_What is expected_.
With pictures left out, output exactly the lines from the line holding "Udeleženci slovesnosti ob" through the end of the data, both included.

··· Dataset content

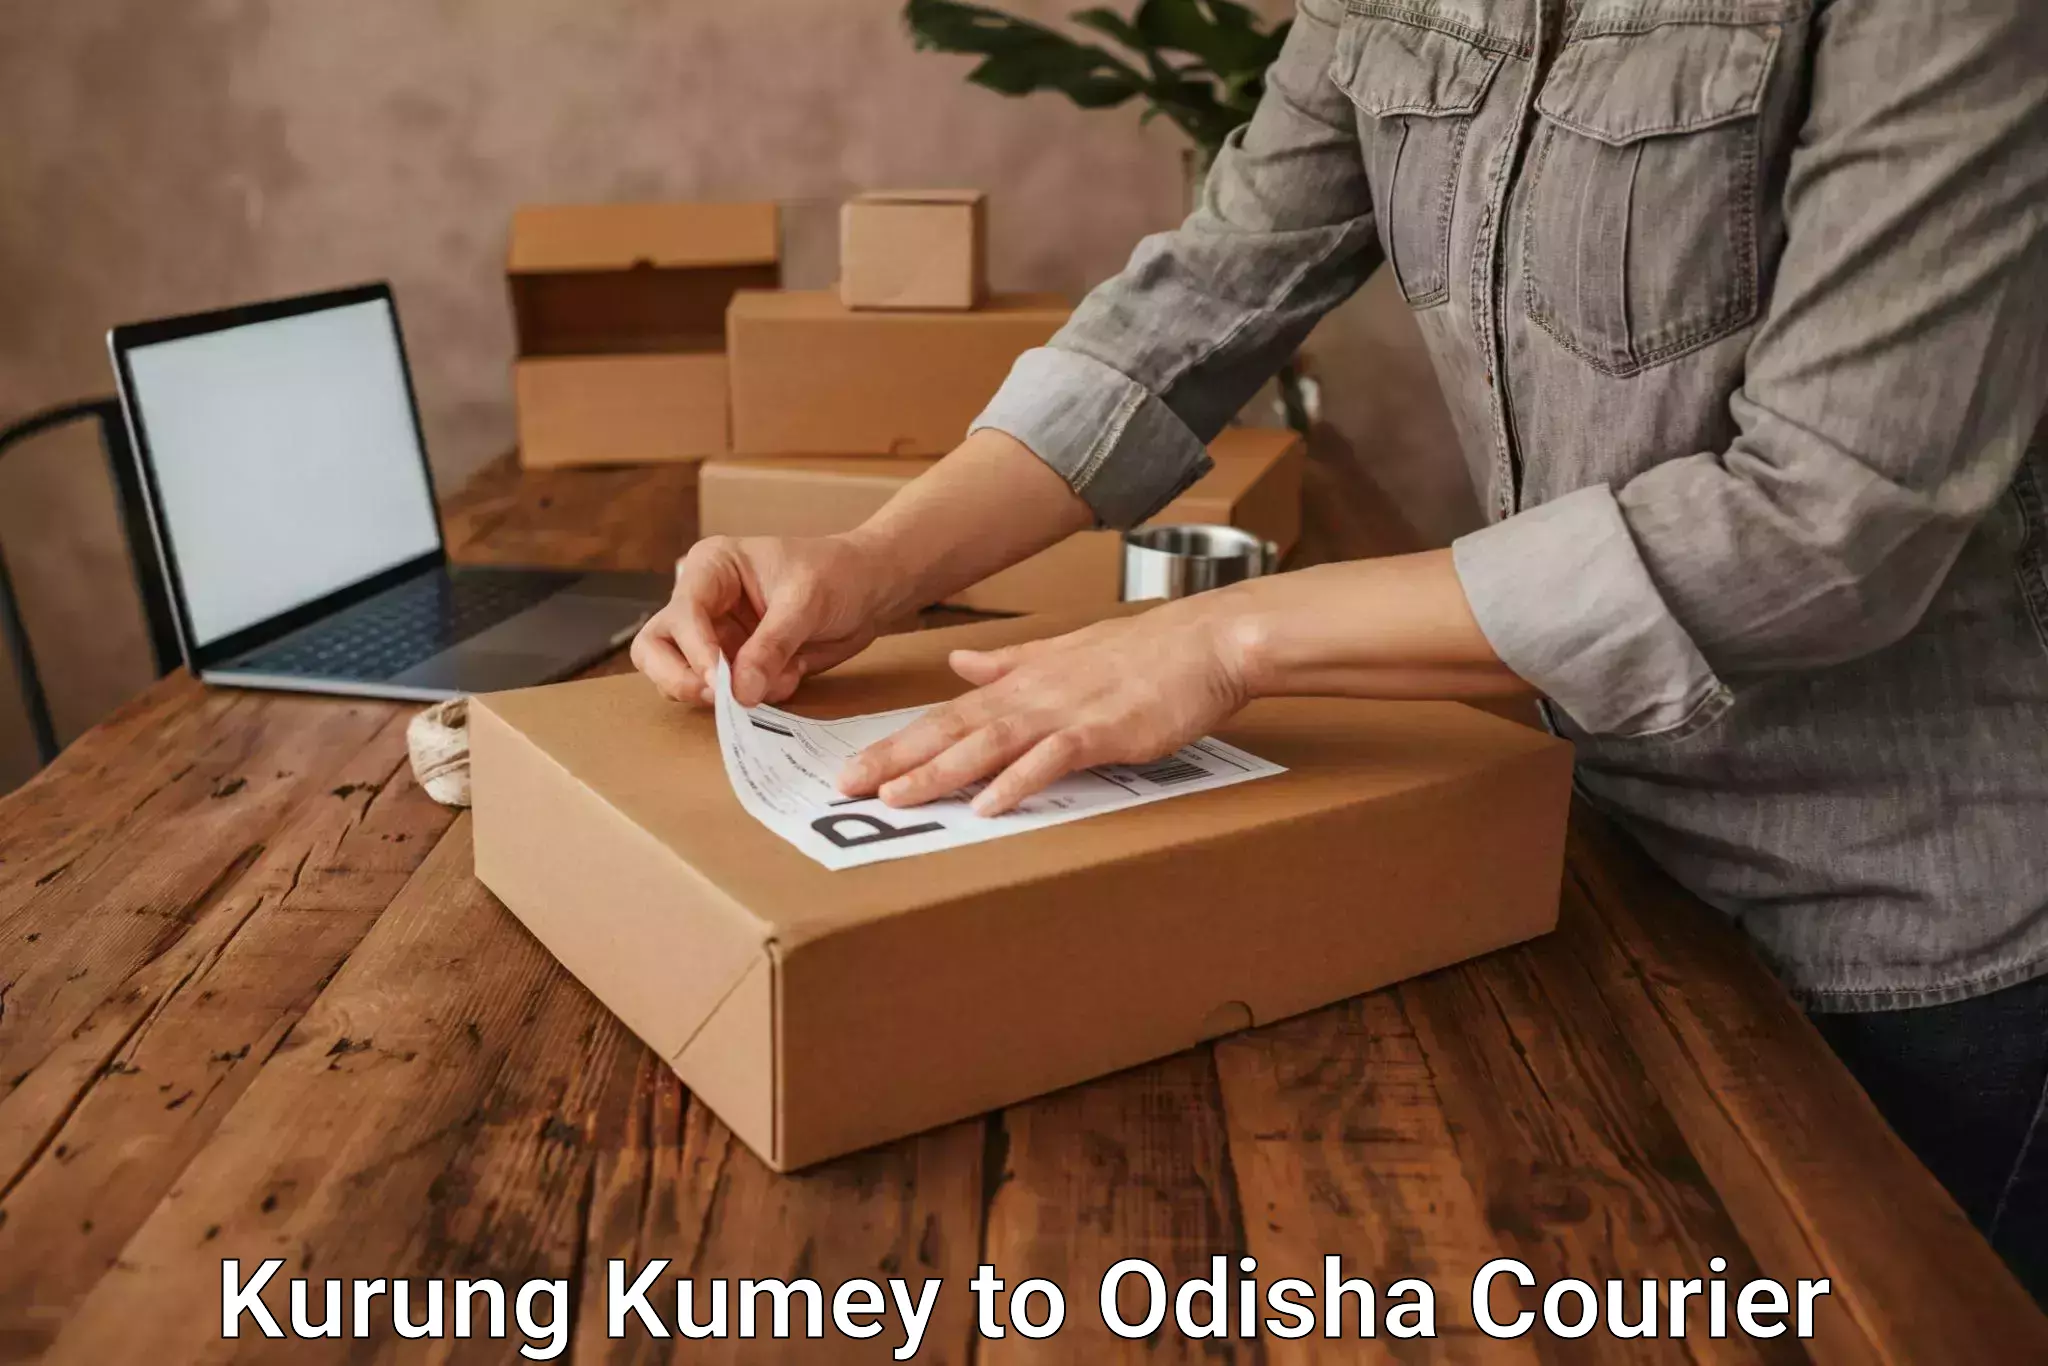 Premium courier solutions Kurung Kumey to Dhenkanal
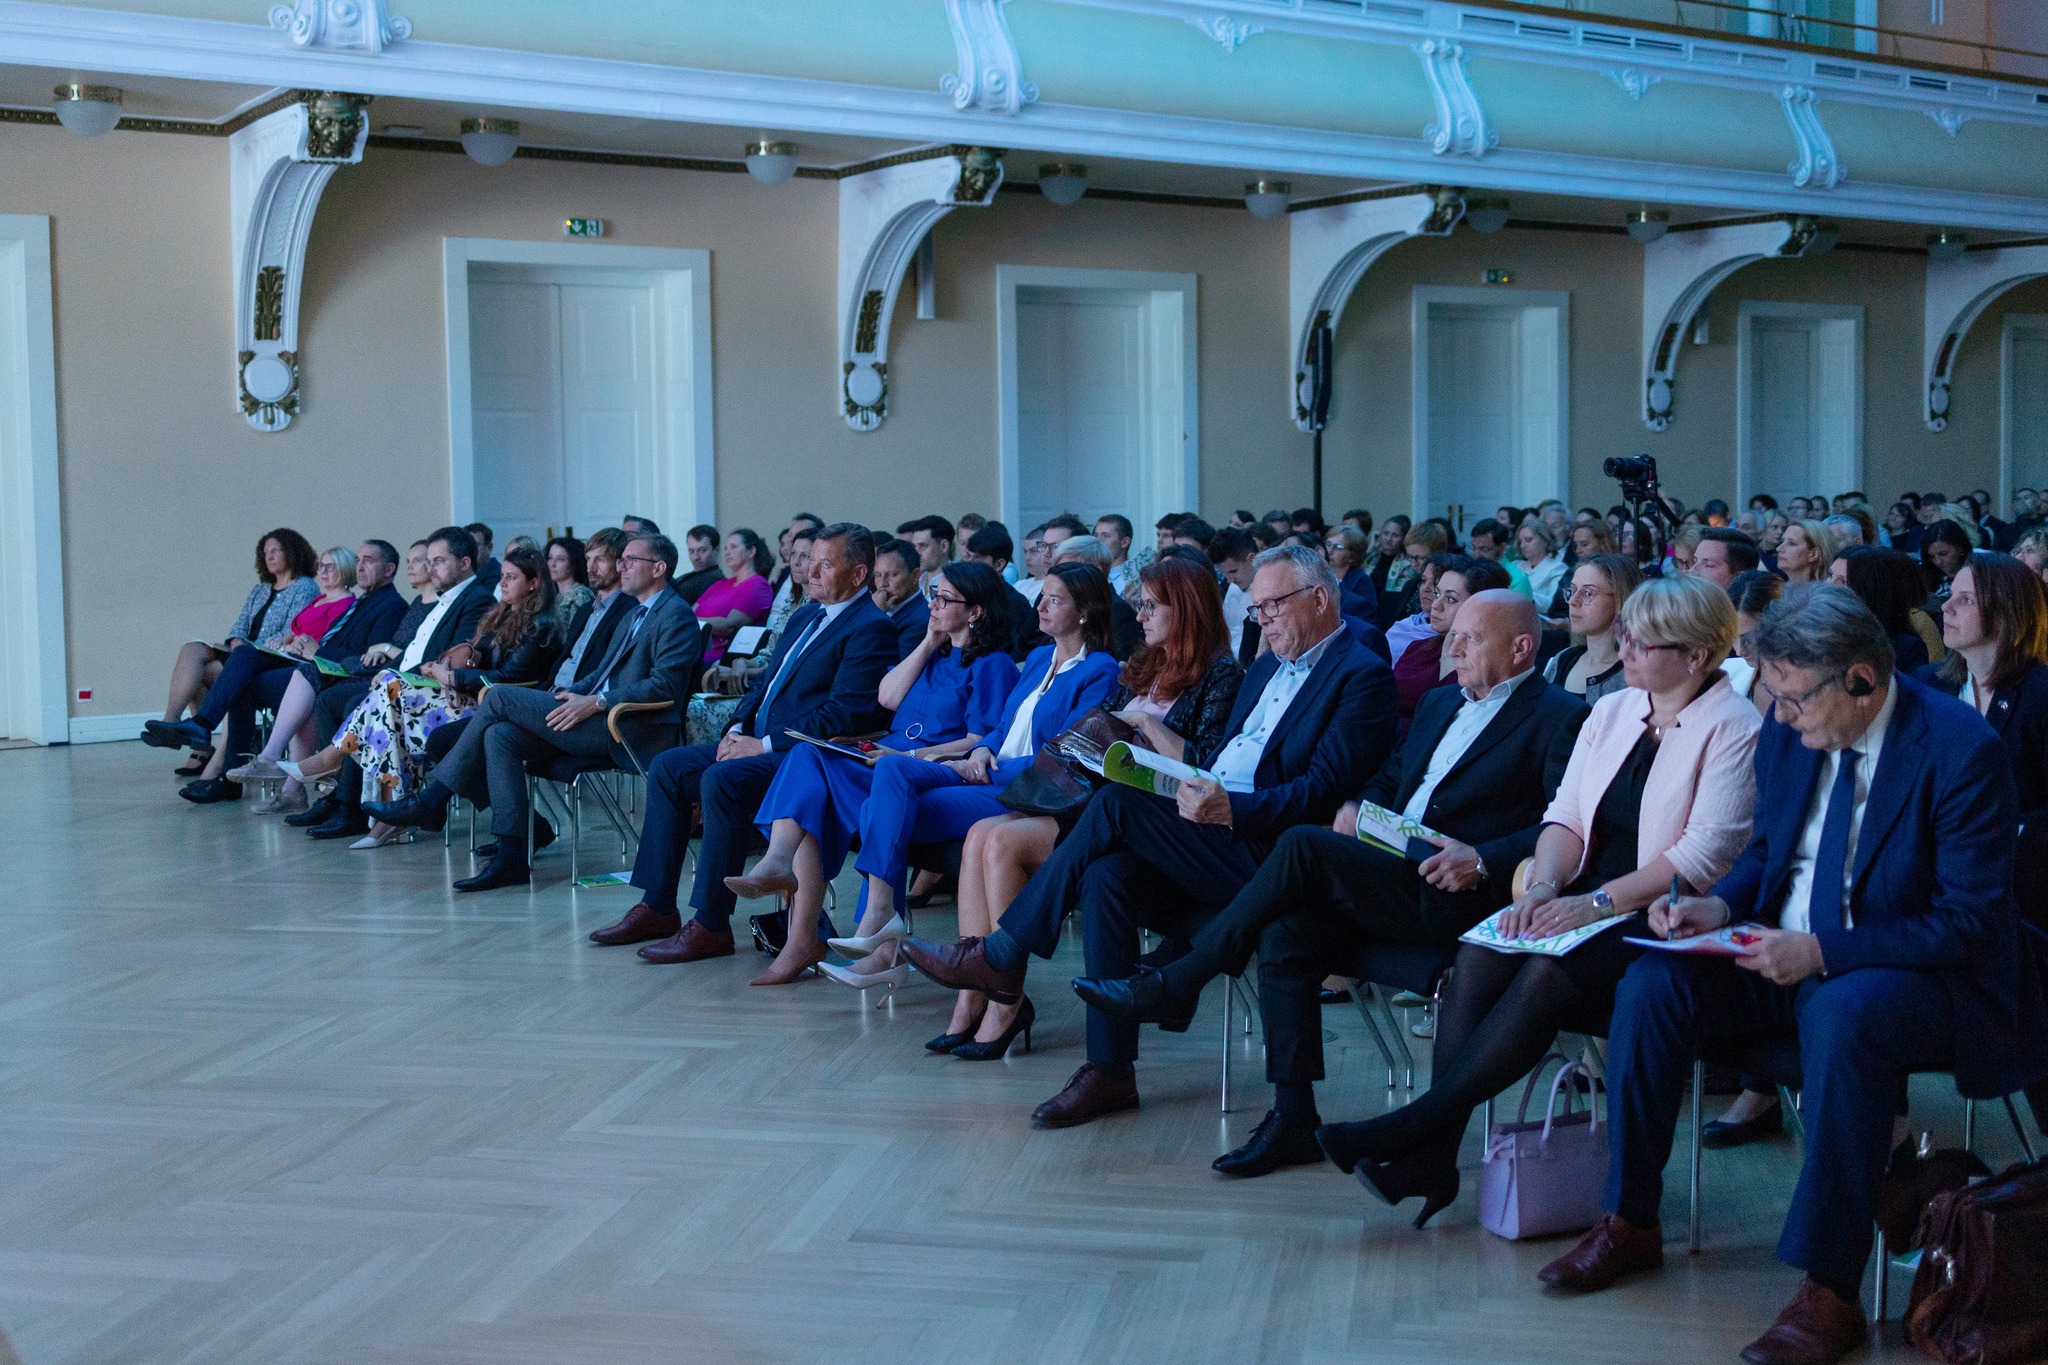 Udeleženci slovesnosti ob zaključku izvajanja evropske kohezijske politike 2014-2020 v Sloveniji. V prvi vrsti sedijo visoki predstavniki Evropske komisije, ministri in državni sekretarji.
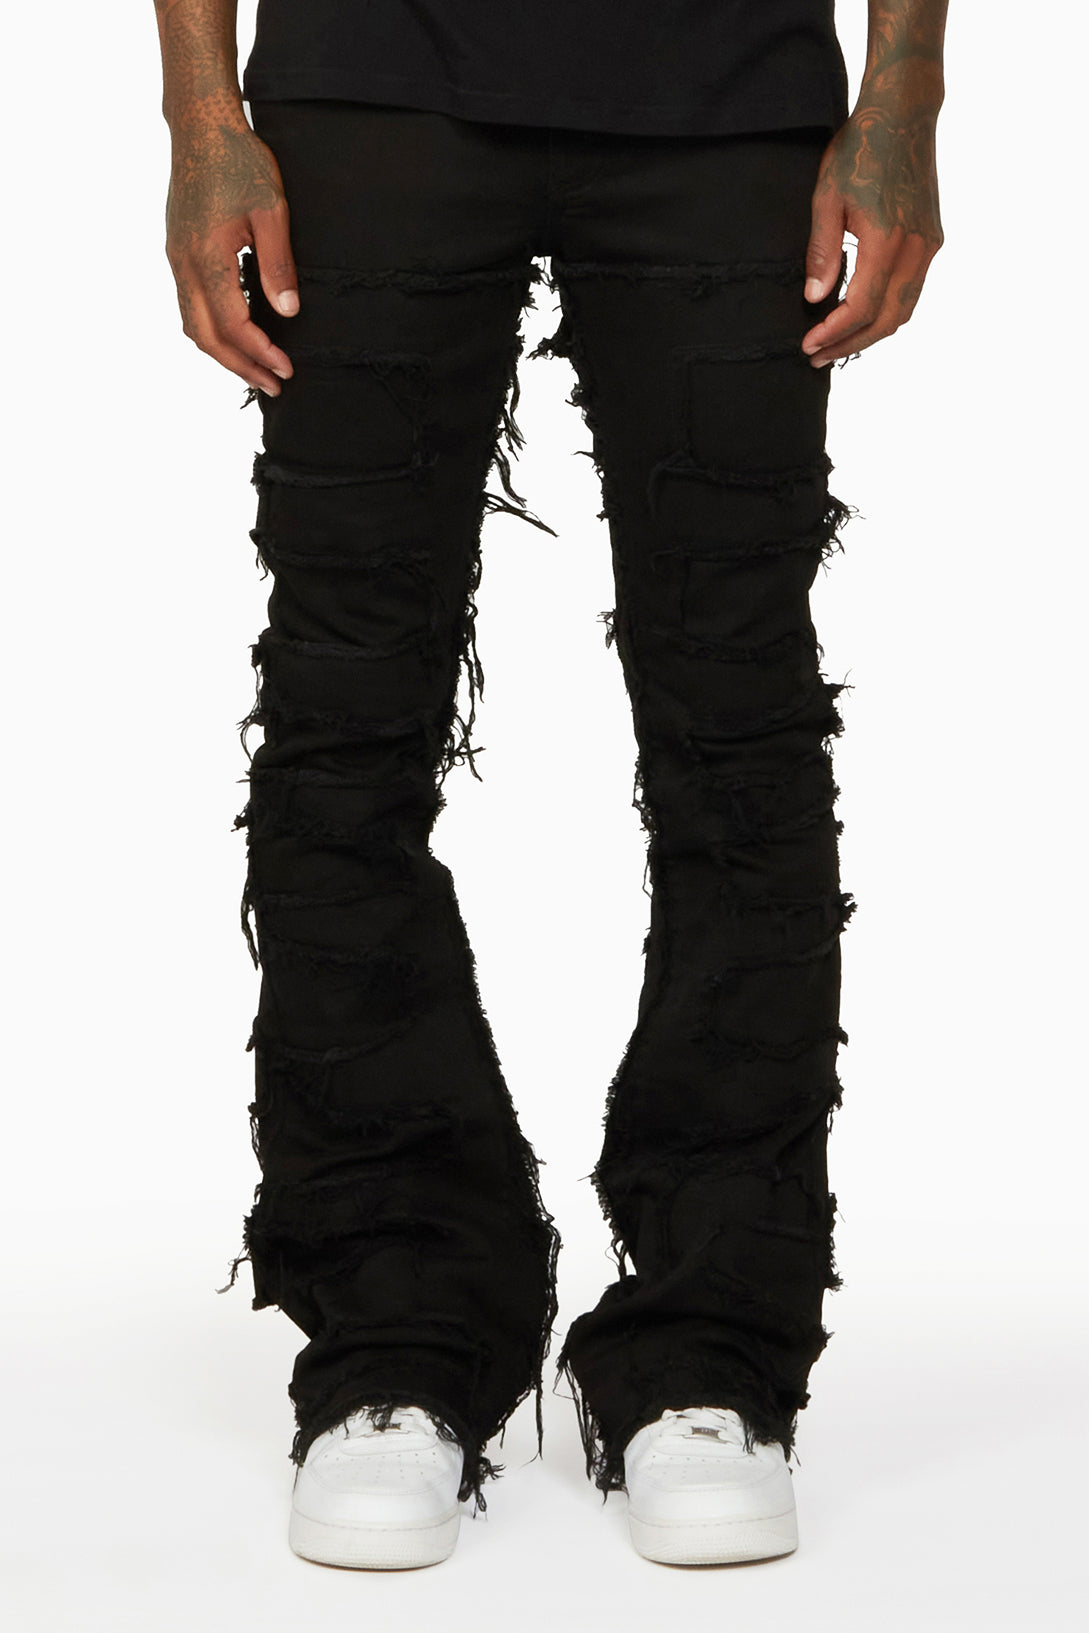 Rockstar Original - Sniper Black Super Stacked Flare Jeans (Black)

······

_Task solution_.
 Udeleženci slovesnosti ob zaključku izvajanja evropske kohezijske politike 2014-2020 v Sloveniji. V prvi vrsti sedijo visoki predstavniki Evropske komisije, ministri in državni sekretarji.
 Rockstar Original - Sniper Black Super Stacked Flare Jeans (Black)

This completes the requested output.